Mówili też bez patosu o poczuciu zdrady i o osobistych przykrościach od tubylców po układach jałtańskich. Te momenty producent potraktował szybko i wrócił do scen składania hołdu pilotom polskim, czy to na terenie szkoły w Polsce czy przy pomniku lotników w Northolt.

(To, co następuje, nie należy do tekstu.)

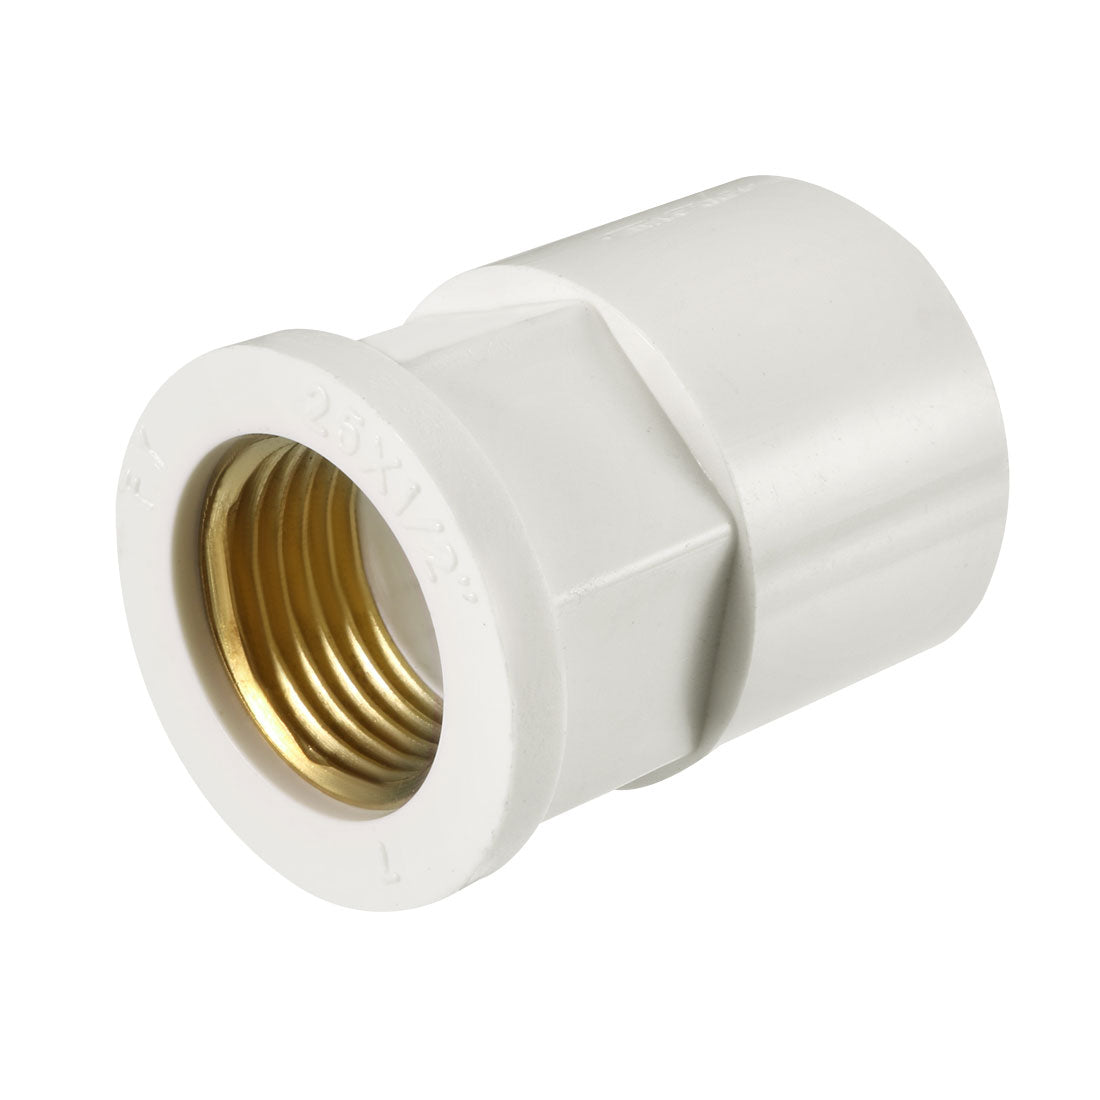 uxcell Uxcell 25mm Slip x 1/2 PT Female Brass Thread PVC Pipe Fitting Adapter 2 Pcs

Wiemy wszyscy, jak kluczowa była „Battle of Britain”, która uchroniła Wielką Brytanię przed inwazją i klęską. Wiemy też, jak ważny był polski wkład w tę akcję. Magierski, który sam wstrzymuje się od komentarza, nie uwypukla tej sprawy, bo przyjmuje to za oczywiste. Koncentruje się raczej nad wysiłkiem, z jakim bohaterowie wykonali swoją służbę, czyli swój obowiązek żołnierski, narażając własne życie, aby pokonać wroga, a potem odejść w zapomnienie, i jeśli nie do tych wsi, które ich wychowały i do tego polskiego krajobrazu, za którym tęsknili, to przynajmniej do życia w kraju deszczów i herbaty, który ich z początku hołubił, potem upokarzał, aż wreszcie przygarnął.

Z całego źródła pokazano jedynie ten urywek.